Ankylosing spondylitis is a member of the group of the spondyloarthropathies with a strong genetic predisposition. Complete fusion results in a complete rigidity of the spine, a condition known as "bamboo spine". There is no cure for AS, although treatments and medications can reduce symptoms and pain.
Signs and symptoms
Symptoms appear gradually, usually around 23 years of age. Initial symptoms are typically chronic pain and stiffness in the middle part of the spine or the entire spine, often with pain referred to one or other buttock or the back of thigh from the sacroiliac joint. Since the initial signs and symptoms are not specific for ankylosing spondylitis, there is a lag-time between onset of disease and diagnosis, which averages between 8.5 years and 11.4 years.
About 40 percent of AS patients experience inflammation in the anterior chamber of the eye (uveitis), causing redness, eye pain, vision loss, floaters and photophobia. This is thought to be due to the association that both AS and uveitis have with the inheritance of the HLA-B27 antigen. Other common symptoms of AS include: generalized fatigue and sometimes nausea. Less commonly, aortitis, aortic valve insufficiency, apical lung fibrosis and ectasia of the sacral nerve root sheaths may occur. Another symptom of the disease is chest pain.
When the condition presents before the age of 18, it is relatively likely to cause pain and swelling of large limb joints, particularly the knee. In prepubescent cases, pain and swelling may also manifest in the ankles and feet, where calcaneal spurs may also develop.

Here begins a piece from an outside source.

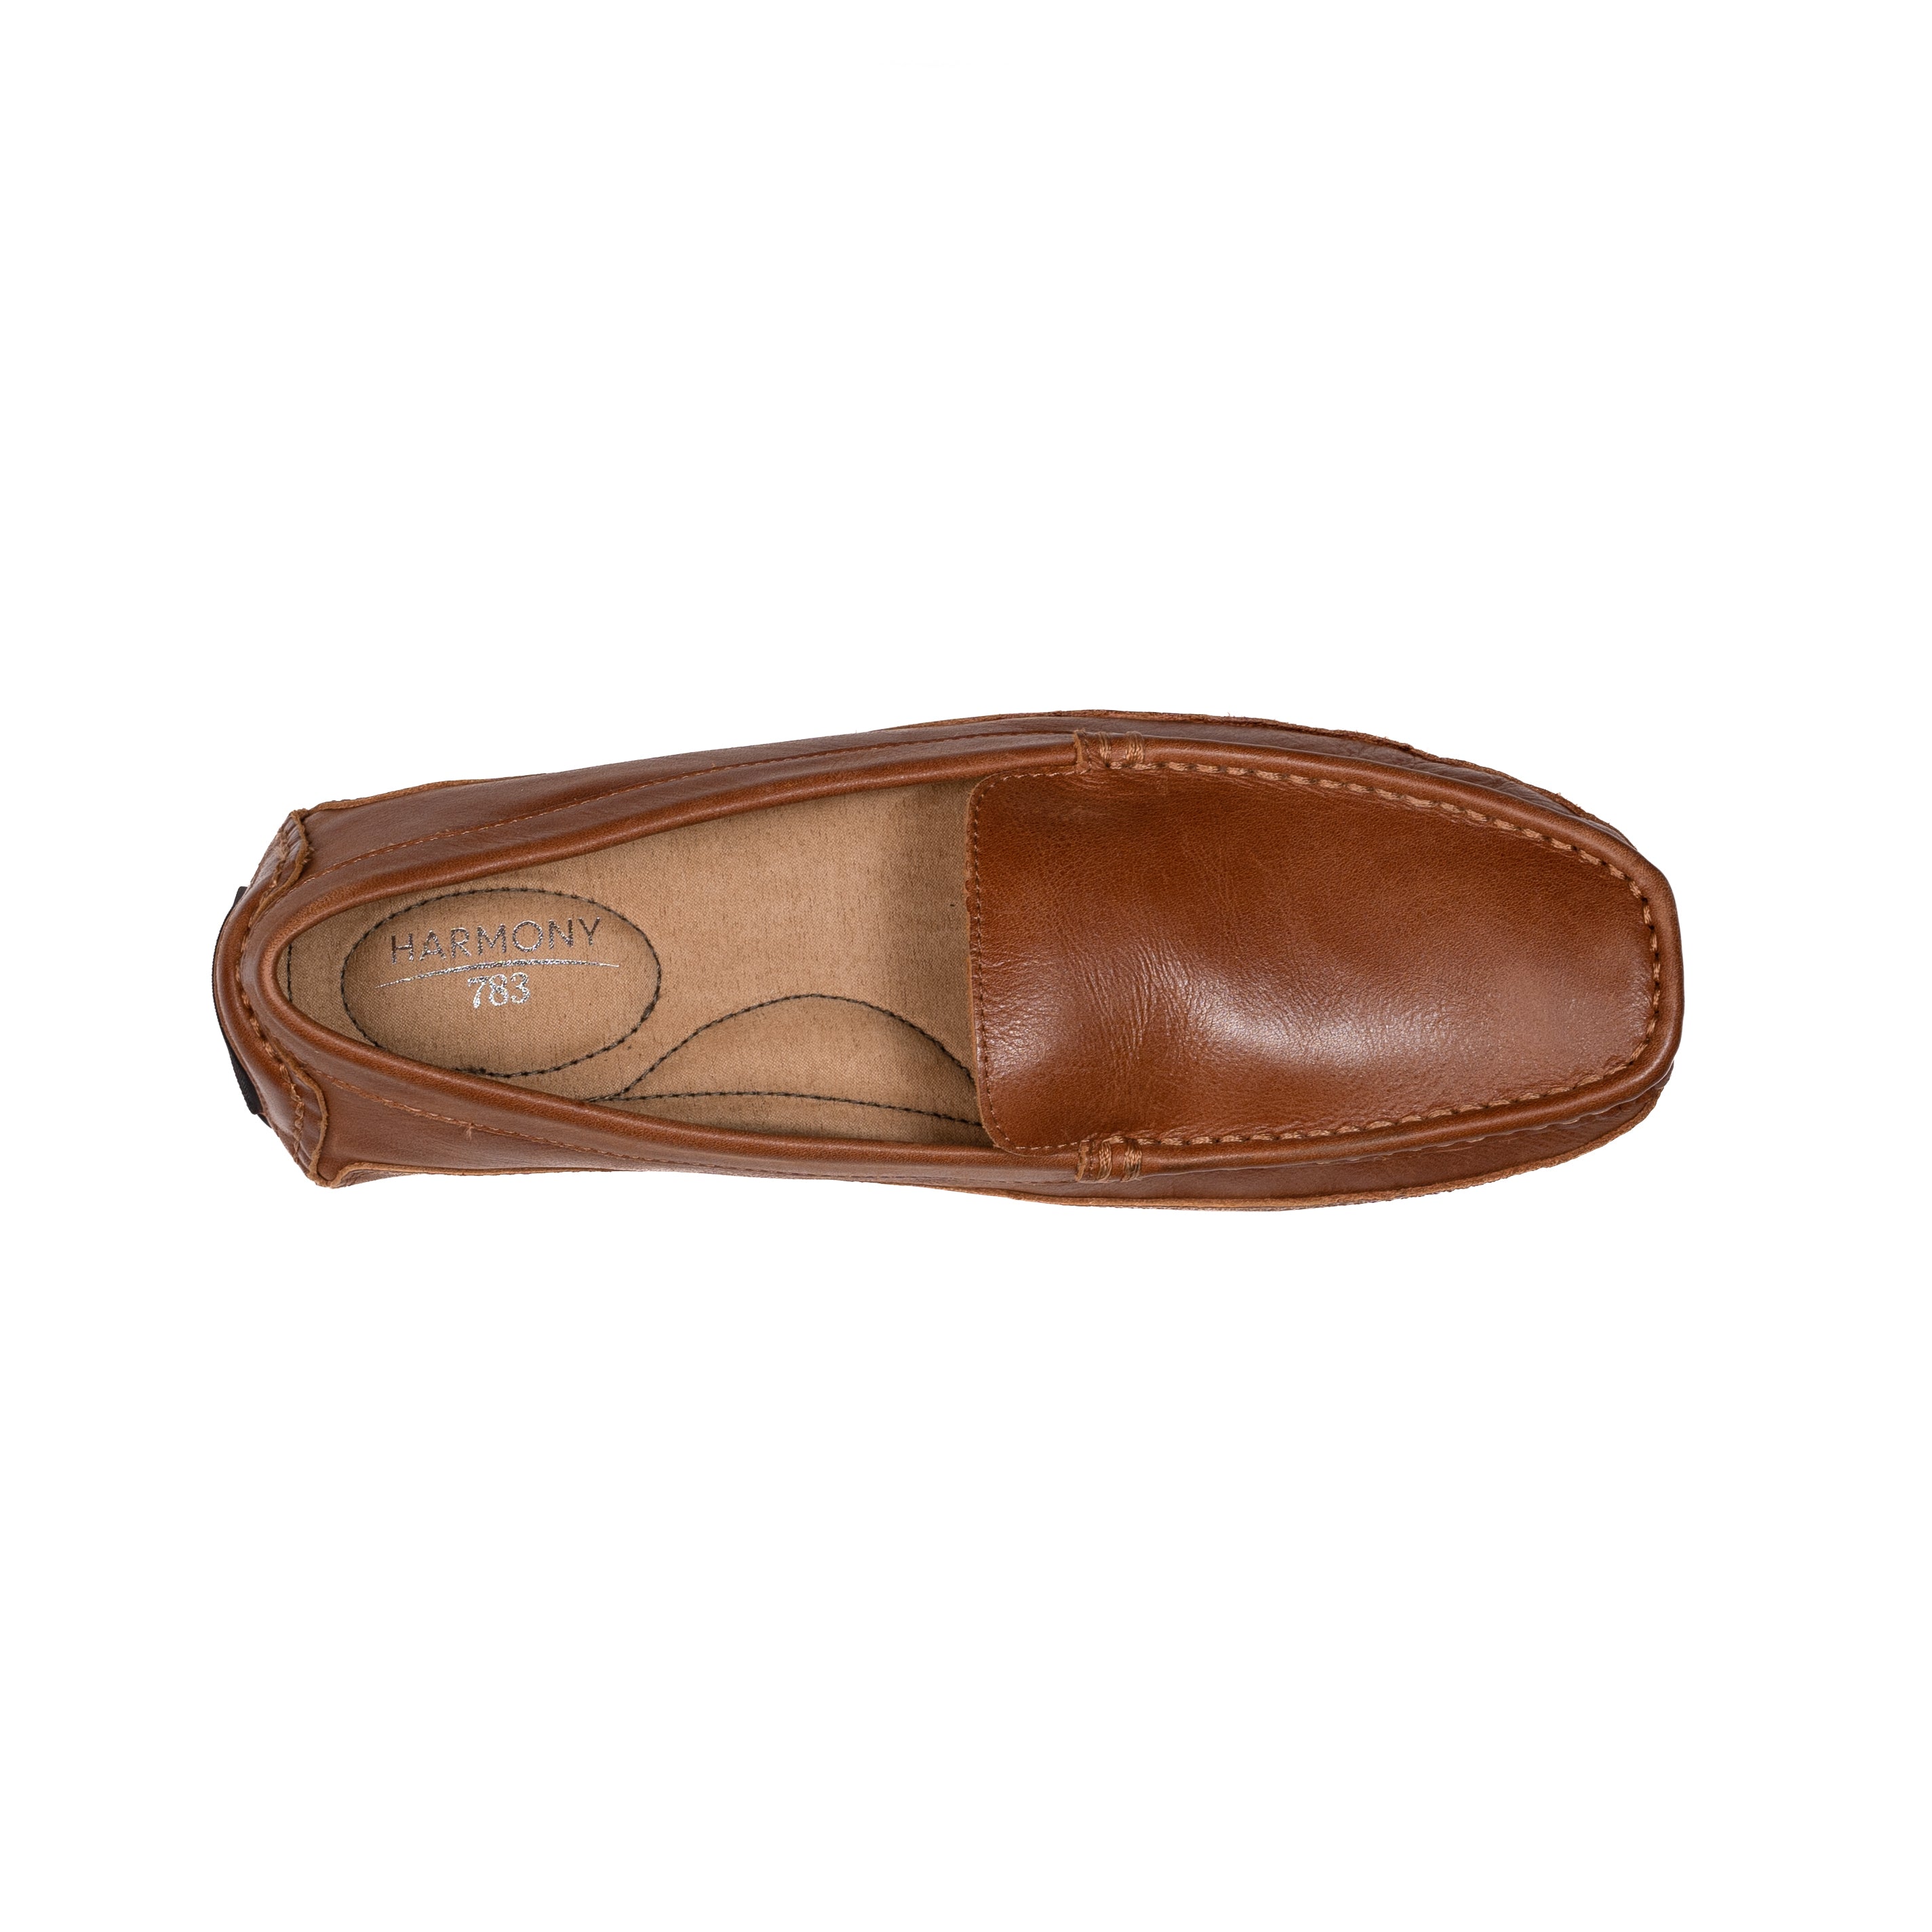 Men's Grounding Driver • Brown Leather

Pain is often severe at rest, but improves with physical activity. However, many experience inflammation and pain to varying degrees regardless of rest and movement.
Ankylosing spondylitis is one of a cluster of conditions known as seronegative spondyloarthropathies, in which rheumatoid factor tests are negative and the characteristic pathological lesion is an inflammation of the enthesis (the insertion of tensile connective tissue into bone).

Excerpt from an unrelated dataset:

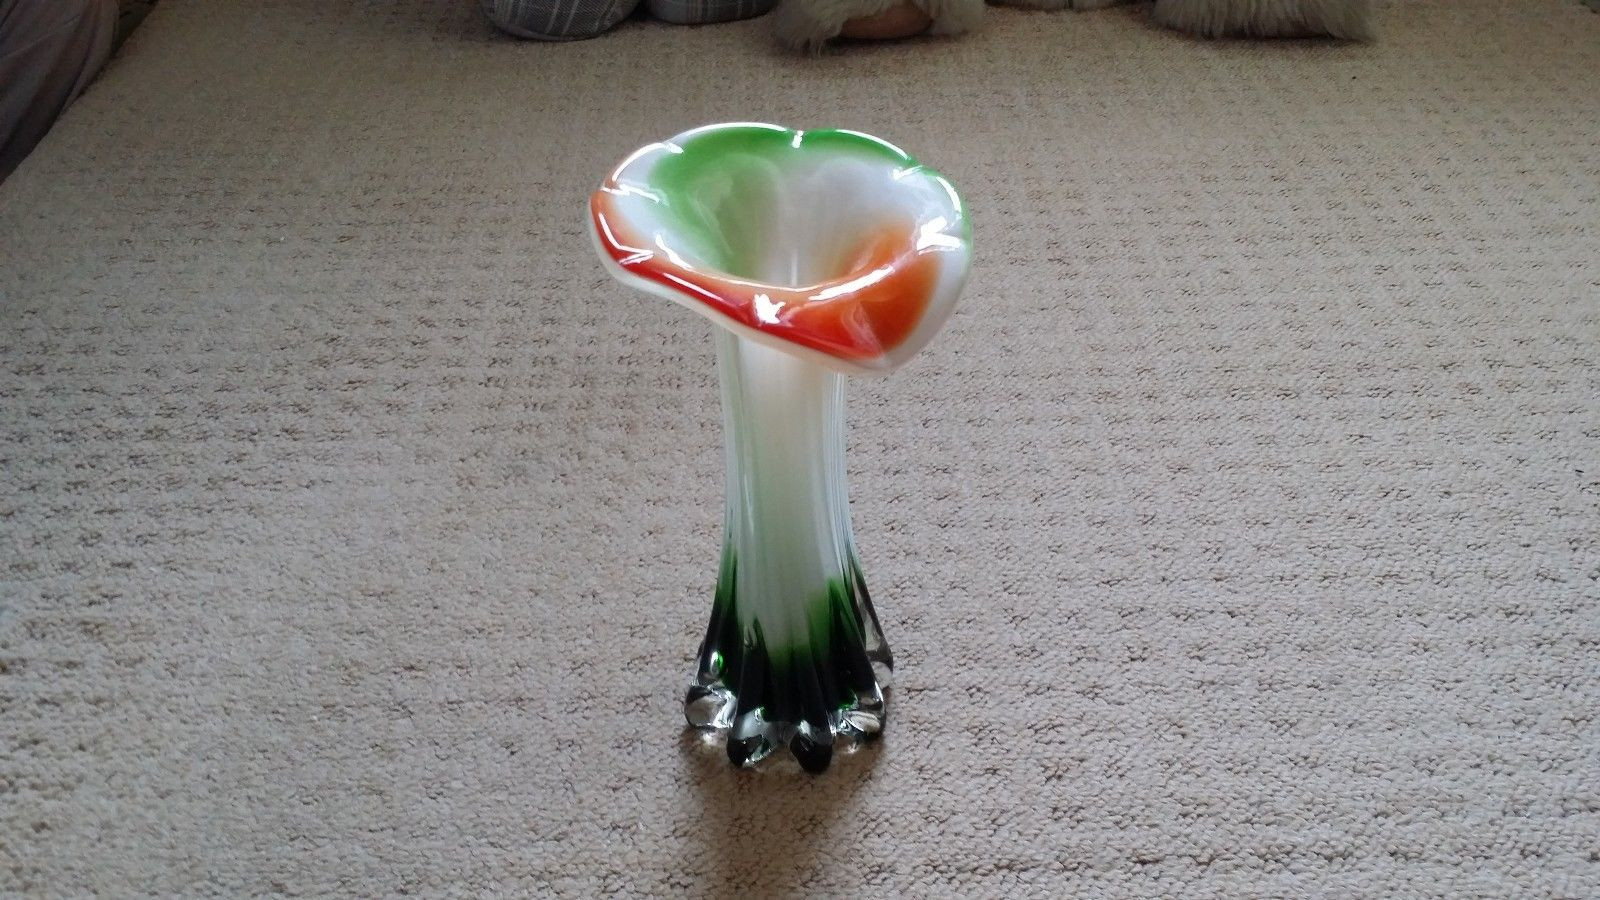 murano tulip vase of murano glass vase green white red jack in the pulpit lilly in murano glass vase green white red jack in the pulpit 1 of 2 murano glass vase

Ankylosing spondylitis (AS) is a systemic rheumatic disease, meaning it affects the entire body. Approximately 90% of AS patients express the HLA-B27 genotype, meaning there is a strong genetic association. However, only 5% of individuals with the HLA-B27 genotype contract the disease. Tumor necrosis factor-alpha (TNF α) and IL-1 are also implicated in ankylosing spondylitis. Autoantibodies specific for AS have not been identified. Anti-neutrophil cytoplasmic antibodies (ANCAs) are associated with AS, but do not correlate with disease severity. In a study of 40 patients with AS, ANCA was an infrequent finding, being present in only six patients.
The association of AS with HLA-B27 suggests the condition involves CD8 T cells, which interact with HLA-B. This interaction is not proven to involve a self antigen, and at least in the related Reiter's syndrome (reactive arthritis), which follows infections, the antigens involved are likely to be derived from intracellular microorganisms. There is, however, a possibility that CD4 T cells are involved in an aberrant way, since HLA-B27 appears to have a number of unusual properties, including possibly an ability to interact with T cell receptors in association with CD4 (usually only cytotoxic T lymphocytes with CD8 react with HLAB antigen as it is a MHC class 1 antigen).

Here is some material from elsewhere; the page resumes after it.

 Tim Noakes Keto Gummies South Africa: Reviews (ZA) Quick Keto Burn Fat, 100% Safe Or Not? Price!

In 2001, it was suggested that AS arises from a cross-reaction between HLA-B27 and antigens of the Klebsiella bacterial genus. The problem with this idea is that no such cross reactivity with B27 has been found (i.e. although antibody responses to Klebsiella may be increased, there is no antibody response to B27, so there seems to be no cross reactivity). Some authorities argue that the elimination of the prime nutrients of Klebsiella (i.e. starches) would decrease antigenemia and improve the musculoskeletal symptoms. However, as Khan (2002) argues, evidence for a correlation between Klebsiella and AS is circumstantial so far, and the efficacy of low-starch diets has not yet been scientifically evaluated. Studies on low-starch diet and AS could be difficult to fund; new biologics developed by the pharmaceutical industry may demonstrate efficacy, as well as financial benefit to the industry, whereas changing the diet would not. A randomized controlled trial in Turkey demonstrated that 12-week therapy with moxifloxacin (which would kill Klebsiella) resulted in "significant and sustained improvement" in inflammatory symptoms in patients with ankylosing spondylitis.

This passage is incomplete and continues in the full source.